It is absolutely insane how people lose bearing on what is right and wrong when the snow starts flying; how in the world is it ok to push snow across the road, up onto another person's property like that? I would give the guy something in writing, telling him that you'll start billing him at his expense to remove the snow.

Ideally, it would be best to return all the snow to their site (I'm running around in a backhoe and believe me, Ive wanted to do that before) but you have to remember, you have no idea who you're messing with these days.


----------



## fairrpe86 (Nov 22, 2009)

Here in Colorado it is illegal to push snow across a public road unless you are the city, state, county, municipality,etc. or a contractor for any of those jurisdictions. I don't know how many times each storm you see it happening or piles that show it has happened.


----------



## ceptorman (Nov 30, 2011)

I hope we are all looking for places to put the snowThumbs Up


----------



## Morrissey snow removal (Sep 30, 2006)

nice pics i like that flat bed ford


----------



## ByDesign (Sep 2, 2011)

fairrpe86;1557816 said:


> Here in Colorado it is illegal to push snow across a public road unless you are the city, state, county, municipality,etc. or a contractor for any of those jurisdictions. I don't know how many times each storm you see it happening or piles that show it has happened.

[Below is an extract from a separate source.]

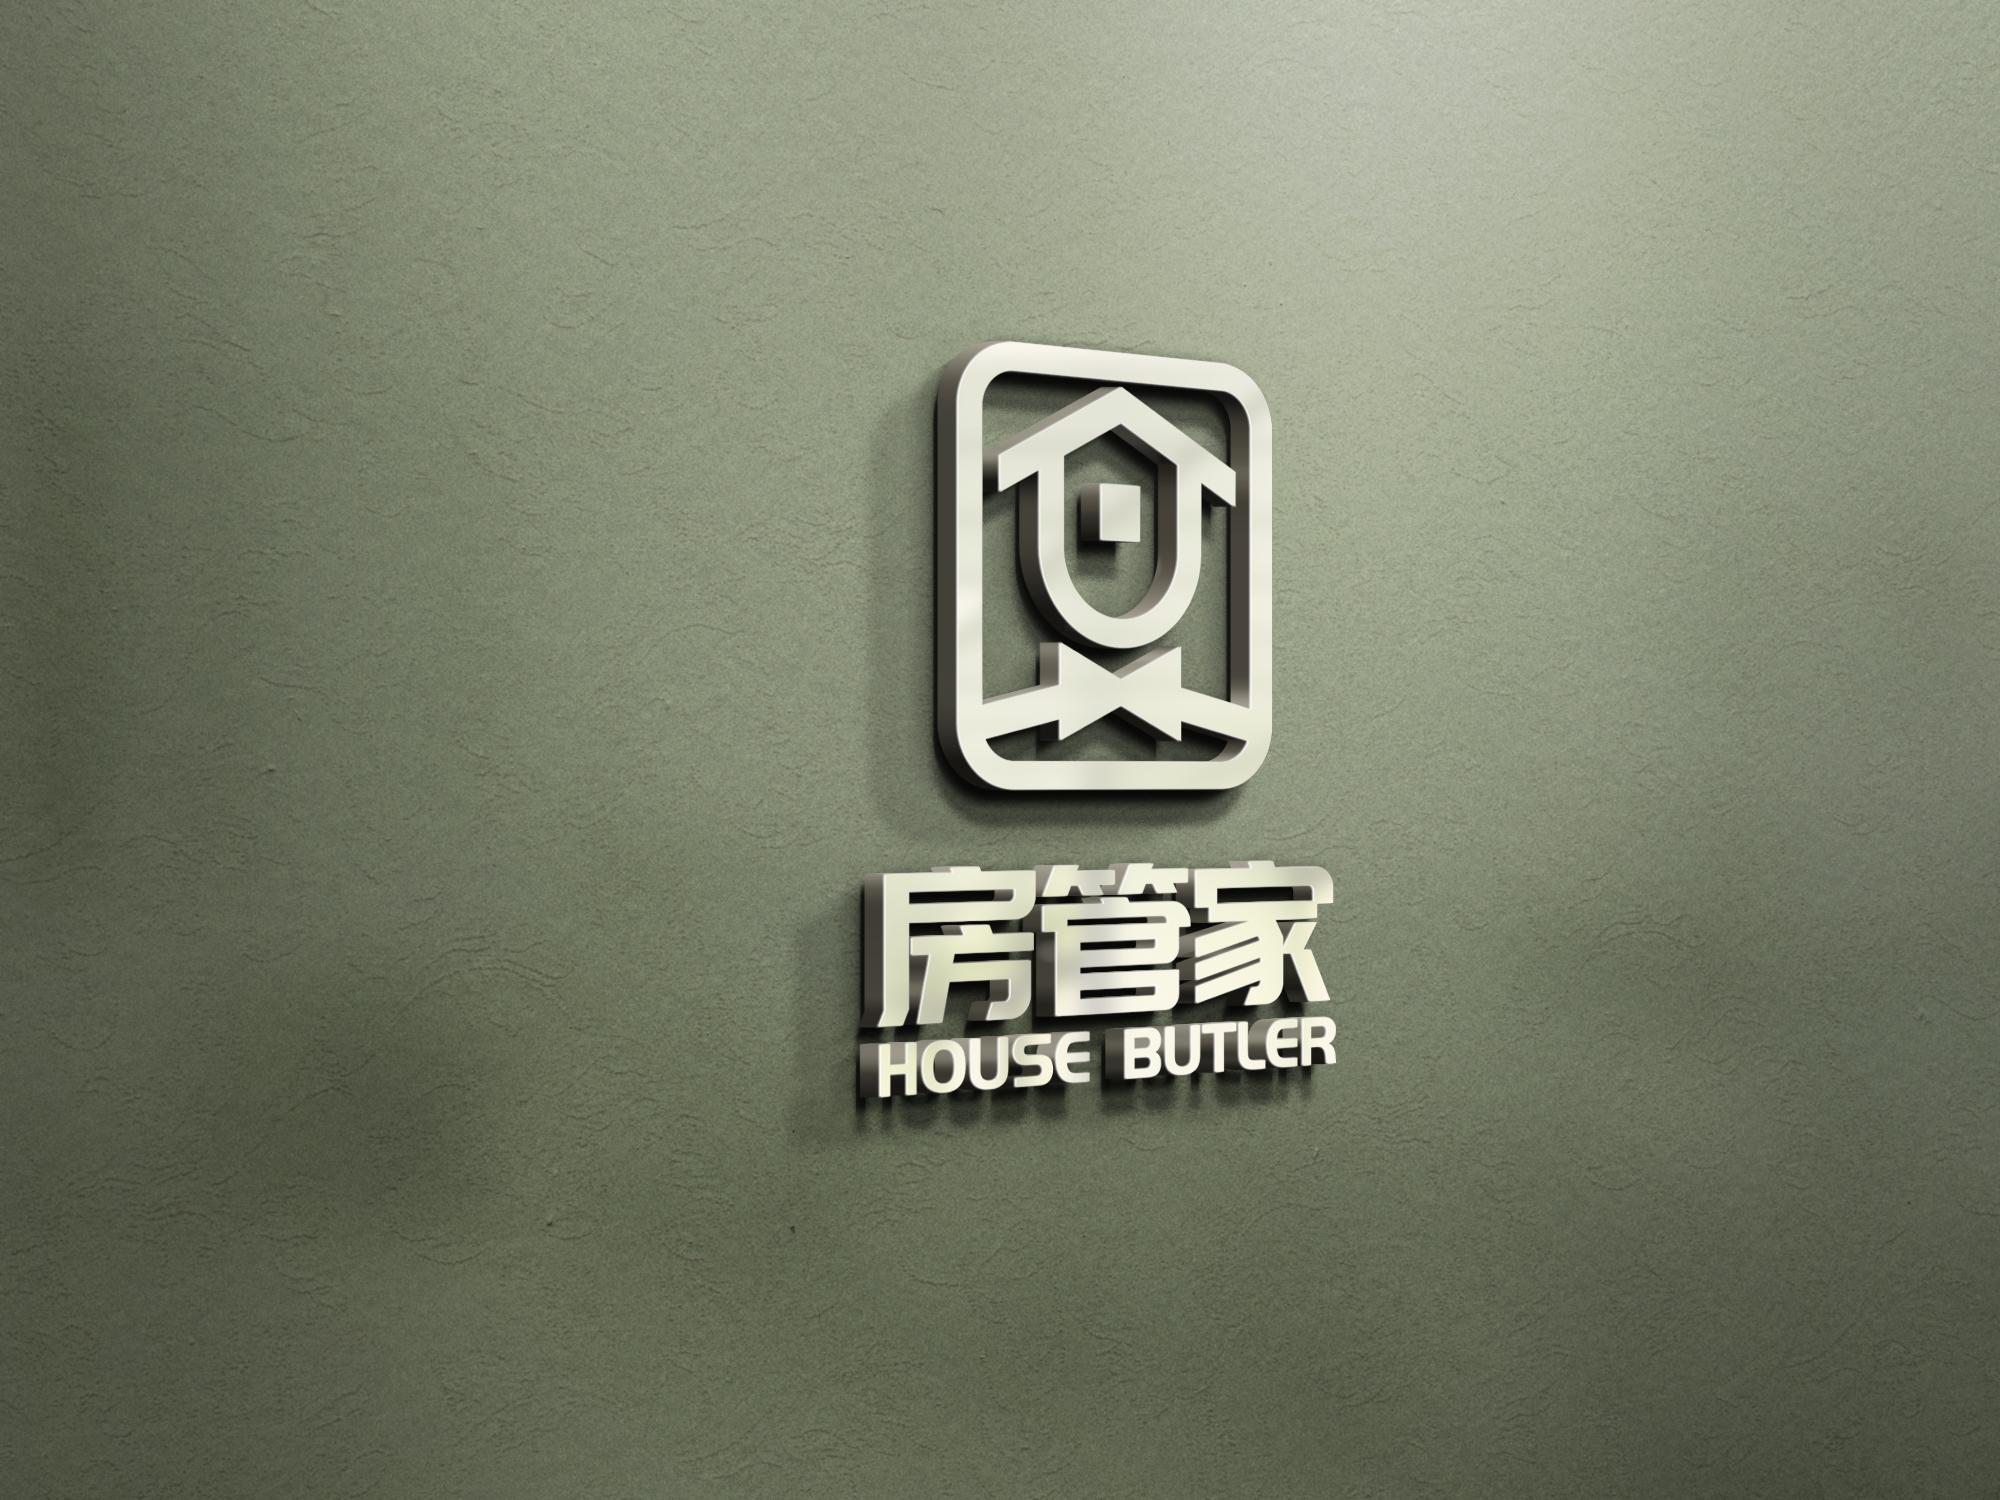 品牌LOGO及名片设计_3037534_k68威客网

Hmmmm...You sure about this>? I work in Denver and this is done all the time. I push snow wherever I have room to push it. As long as its not affecting other drivers or people, I highly doubt its an issue.


----------



## MSS Mow (Mar 19, 2006)

fairrpe86;1557816 said:


> Here in Colorado it is illegal to push snow across a public road unless you are the city, state, county, municipality,etc. or a contractor for any of those jurisdictions. I don't know how many times each storm you see it happening or piles that show it has happened.


It's illegal here as well, but everyone does it. No one ever says anything unless you leave a mess in the road. I do it in several areas where I have no choice but I have permission from the proper land owners and I do not leave a mess anywhere.



Morrissey snow removal;1557903 said:


> nice pics i like that flat bed ford


Thanks!


----------